What is the role of Fluroquinolones in treatment of TB?

These drugs are moderately effective with other drugs for MDRTB and should only be given if standard drugs not tolerable.

What are the problems in treatment with second line drugs?

(i) These drugs are less efficacious and more toxic.

(ii) They possess cross resistance to first line drugs

(iii) Most patients needing such treatment are difficult to hold e.g. alcoholics, drug addicts, migrants etc,

(iv) Hospitalization is a must for observation and regularizing treatment. Ambulatory treatment is possible only after tolerance and regularity assured.

(v) It is irrational for any country to divert resources to treating with second line drugs until full potential of SCC regimen has been achieved.

Requirement of the reserve drugs indicates poor program.  

What are the guidelines for treatment of TB among children?

If a child is diagnosed to have tuberculosis, a full course of treatment has to be given. Children rarely suffer from smear positive disease. As a result, there are few bacilli in the lesions and no chance of resistant mutants being present. The recommended regimen is Cat III. The dose of drug has to be calculated in mg per kg body weight and given from loose drug stock. For patients with military or meningeal TB, a fourth drug, streptomycin can be added and the total duration made to 9 months.

Why is it necessary to carefully elicit history of previous treatment?

The history of previous treatment should be elicited clearly for deciding on the proper category of treatment for the patient.

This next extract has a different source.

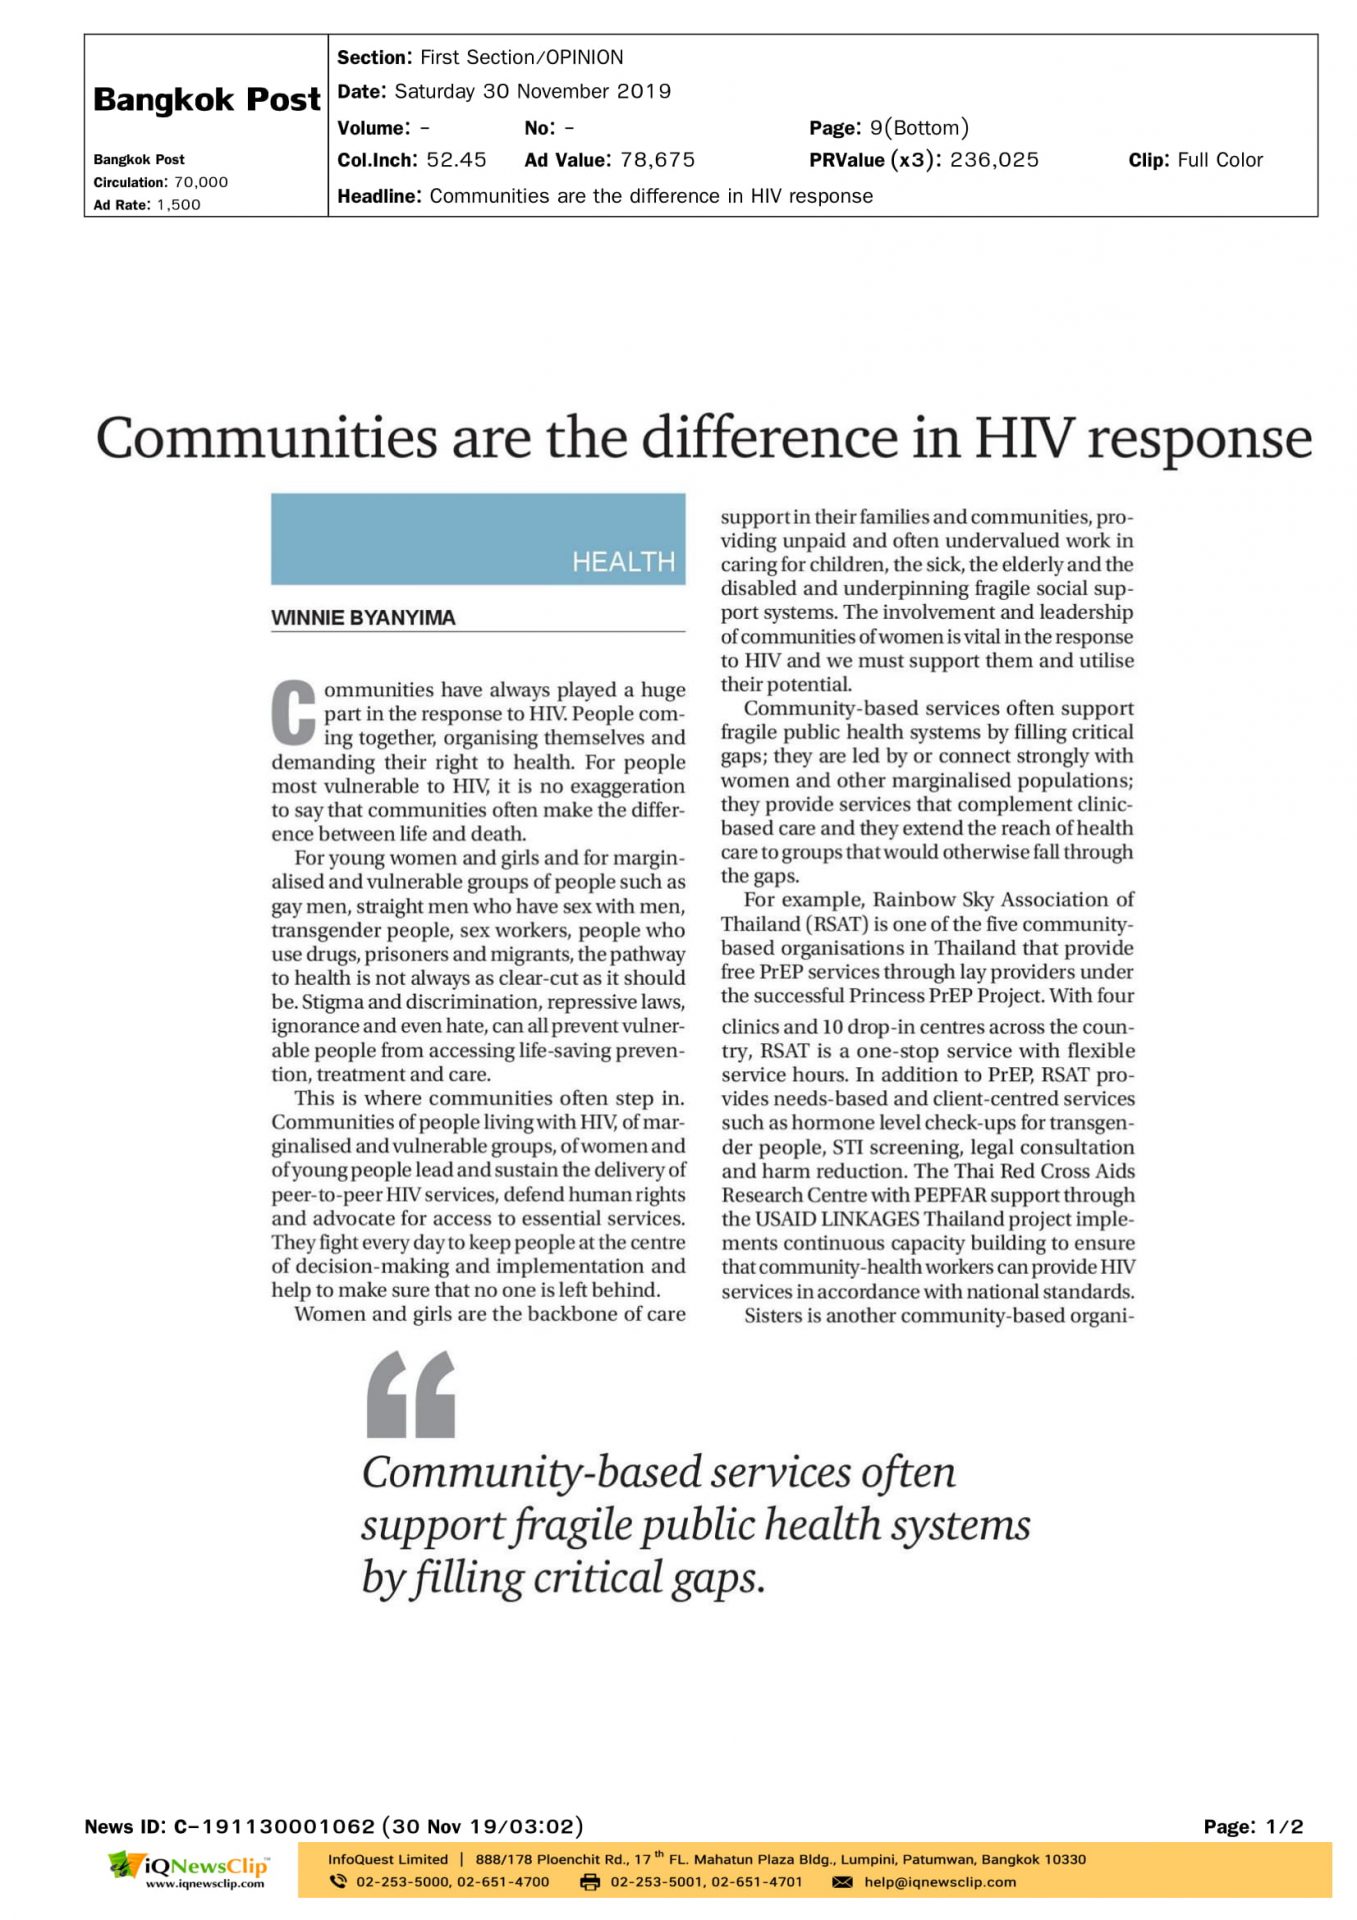 Communities are the difference in HIV response

Otherwise, cases may be given wrong treatment that may lead to treatment failure.

How to treat TB patient also suffering from liver disease?

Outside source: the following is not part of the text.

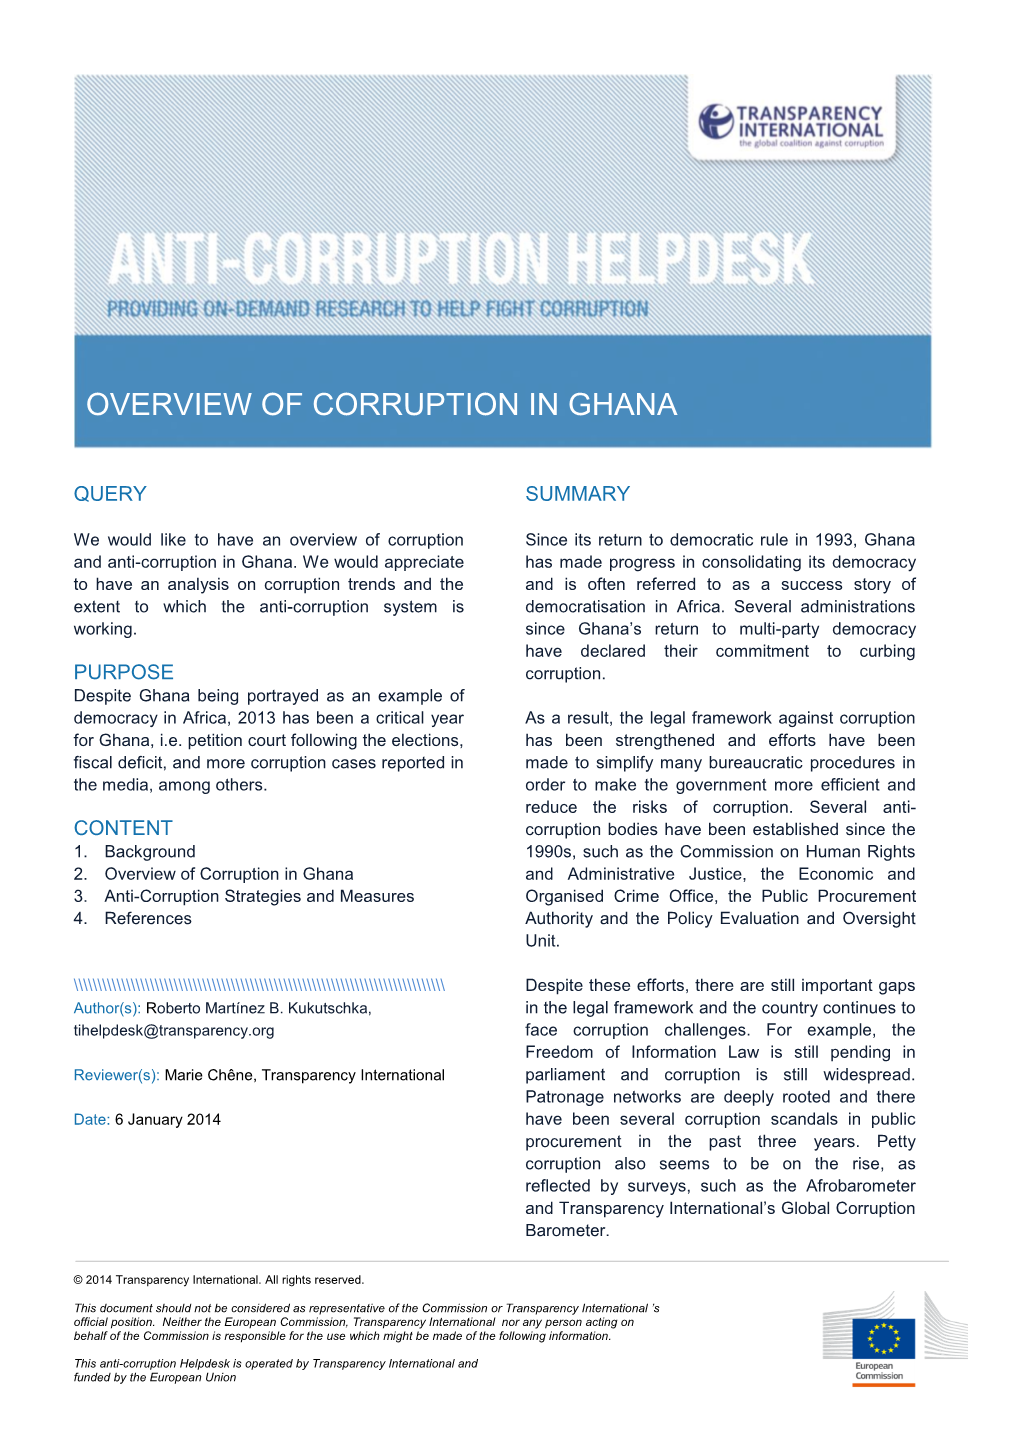 Overview of Corruption in Ghana

In chronic liver disease, 2 EHRZ / 6 HR can be given unless there is severe liver damage. If ascitis and portal hypertension are present, treat with 2 SHE / 10 HE. In case of acute hepatitis, the treatment may be deferred. If TB is serious, treat with 3 SE or 3 SE + ofloxacin followed by 6 HR when hepatitis is recovered.

What to do if jaundice develops in a case during treatment?

Stop all drugs and monitor serum transaminases. Usually treatment can be re-started with the same regimen after the serum levels of transaminases return to normal. In serious cases, Ethambutol and Streptomycin which are least hepato-toxic can be given.

How to treat TB patients also suffering from Renal Failure?

Drugs eliminated by non-renal routes – INH, Rifampicin, Pyrazinamide and Thioamides may be given in normal doses. 2 HRZ / 4 HR is safe. Decrease dose of Streptomycin & Ethambutol and adjust by renal function tests.

What are the general guidelines for treatment among HIV positive TB patients?

Same regimen is used, as for HIV negative TB cases, since sputum conversion rates and cure rates are similar if effective chemotherapy is given. However, the treatment in Continuation Phase should also be fully supervised since lower rates of adherence and higher fatality rates have been observed among such patients.